Question on managing long and heavy R code (one script VS multiple pieces)

taras · August 1, 2018, 2:17pm

I am having a pretty long multi-stage piece of R code, which takes a lot of resources and time to run.
In the development stage, I broke it down into multiple stages, a separate R script for each stage. Each R script to start with loading an .RData file from the previous stage, and save another .RData file in the end for the next stage.

Basically, I'd first write the import part, save it. Then write the tidying part, save it. Then write the modeling part. Save it. And so on. It saved me a lot of time at the stages closer to the end.

Now that the code is almost done and ready to work, I am wondering:

if I should stitch it all back into one R script and remove the intermediate "checkpoints" (create one reproducible piece of code) VS keep it separate (since each stage produces some tangible result and potentially useful data, it would be easier for someone to pick up at any chosen stage instead of recreating everything from scratch)
in general, if such approach of breaking down long code is a good practice to begin with, and if there is a better approach.
if using .RData instead of cvs is frown upon (it was easier to save and later load .RData objects, as they preserve everything.

nutterb · August 1, 2018, 2:34pm

I do something similar with my computationally intensive scripts. I usually keep them in .Rmd format and will do something like the following, where the chunk does something that could take a long time, and then I save it to an .Rdata file. I leave a commented line for quick loading in my interactive session.

UsefulObject <- 3 # this is a very slowly assigned value of 3 :slightly_smiling_face:

save(UsefulObject, file = "some_file.Rdata"
# load("some_file.Rdata")

Whether or not I keep these all in one script or in multiple scripts varies from project to project. It has more to do with organizing my thoughts than anything else. If I feel like the tasks are distinct enough that I would understand the flow better by isolating them in different files, I do that. If I feel like isolating them will cause me to be toggling back and forth between multiple files, I keep them together. Admittedly, as a subjective process, I may make different decisions on different days.

EDIT: I should point out that the reason I use the .Rmd is to use the cache chunk option. Caching the chunk allows me to run the script, and then that chunk won't run again unless I change something in the chunk. It's effectively the same thing as isolating .R scripts with the option of keeping them all in one file.

Fer · August 1, 2018, 3:26pm

I normally keep different parts of the analysis in different scripts, for example, one for data formatting / preprocessing functions, another for some analytical functions, other for the plots functions. Then I have an Rmd file to work wiith the data ina similar way as mentioned by @nutterb
What I avod is using .RData for saving parts of it. Instead, I use .RDS format. Of course, carefully use or .RData may be suitable, but in the long run it may generate problems.
For example, you may want to load an old file in your current session to do some new stuff and compare with other stuff, and it may actually overwritte it. Working with .RDS files forces you to have to associate the file to a new object, and to give it an explicit name:

load('oldfile.Rdata') # it may load 'something' forgotten
## vs
oldfile <- readRDS('oldflie.RDS') # whatever it loads, it is associated with a new object

Also, assuming you are working mid/long term, your functions will also be improved with time. If you save some sessions (the full workspace) long time ago, and then you load them into a current one, it may overwrite the current functions with the old versions.

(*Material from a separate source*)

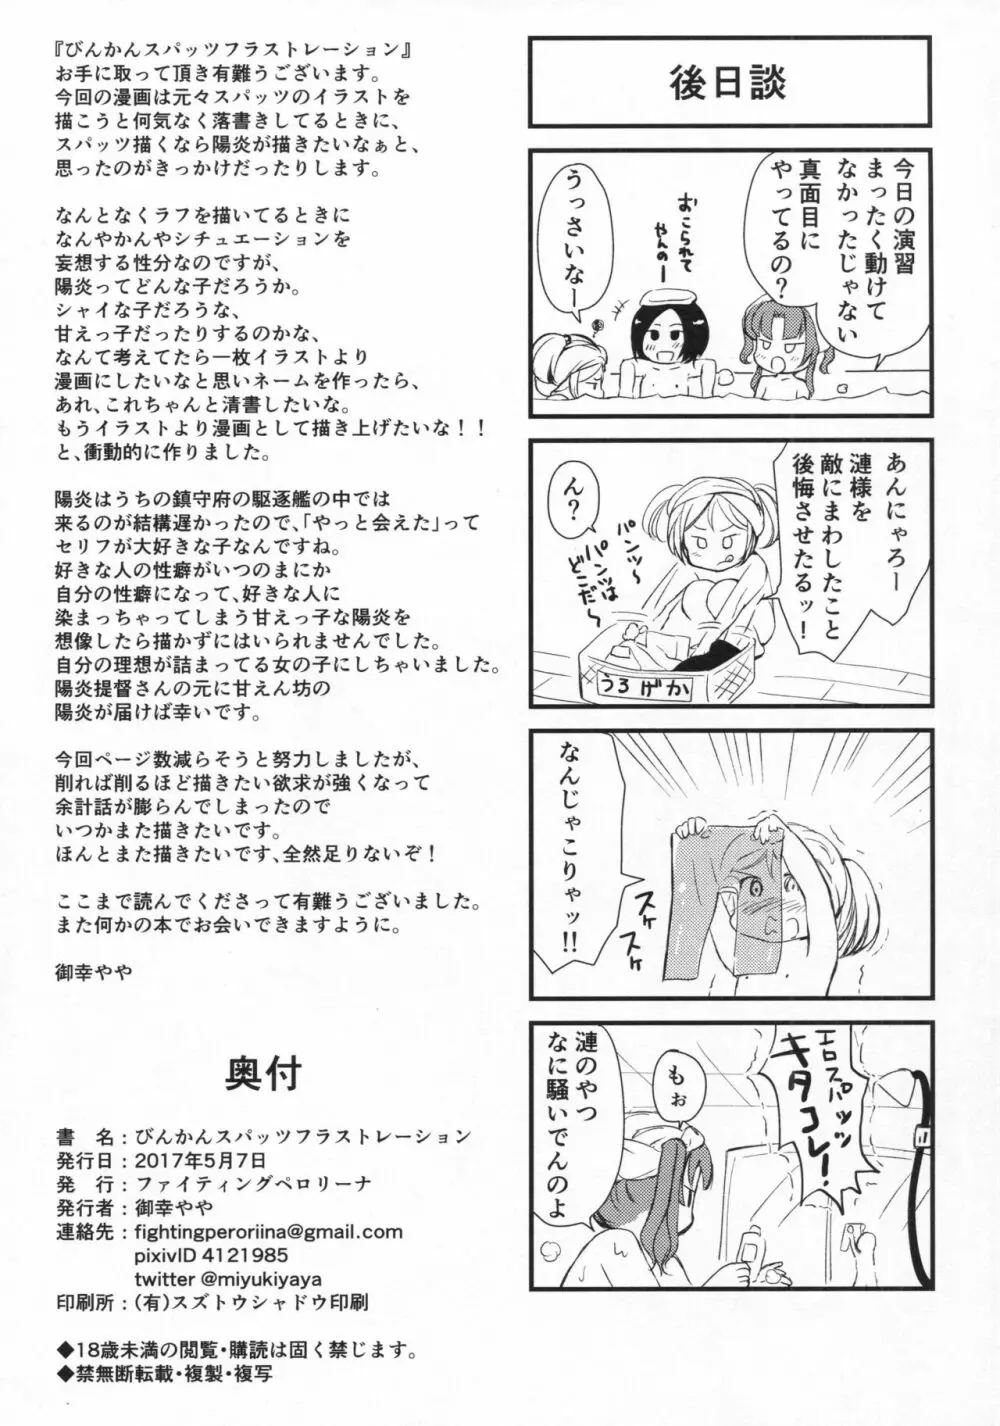 びんかんスパッツフラストレーション - page37

Of course, this can be avoided with some care, but I feel the RDS strategy as a safer one

Leon · August 1, 2018, 4:12pm

Great question @taras! I gave a talk on this very subject, which I condensed into this overview.

Hope it can serve as inspiration and I will be happy to answer questions

cderv · August 1, 2018, 5:15pm

Hi @taras,

Have you thought about {drake} to organize your big project workflow?

There is also similar tools like {remake} to get makefile-like in R.

I find it pretty useful to organize some not-so-small projects. {drake} will also help with heavy computation (parallel ready) and saving intermediary results (If I recall right.). With the dependency graph, you won't have to rerun everything that did not changed. Very well documented also! You should give it a try if you think it suits your use-case.

yonicd · August 1, 2018, 5:40pm

@taras you can also move from long file with multiple functions to multiple files of single functions with sinew::untangle.

This is great for when you are trying to move from an idea that you tried out in a single file and break it up into an R package.

Any script in the body of the original single file that is not a function will be kept in an additional file called body.R.

This can let you manage more compartmentally the different parts of your script and get you on your way to making the workflow into a self contained package.

taras · August 1, 2018, 6:53pm

I like it! I haven't tried it yet, but looks like it is time to check it out!

taras · August 1, 2018, 6:54pm

I'm going to definitely check it out!

adamk · September 19, 2019, 5:55pm

This is a perennial problem of mine so I thought I'd chip in, over a year later. I see both an involved and a minimal (though still effective) solution to this.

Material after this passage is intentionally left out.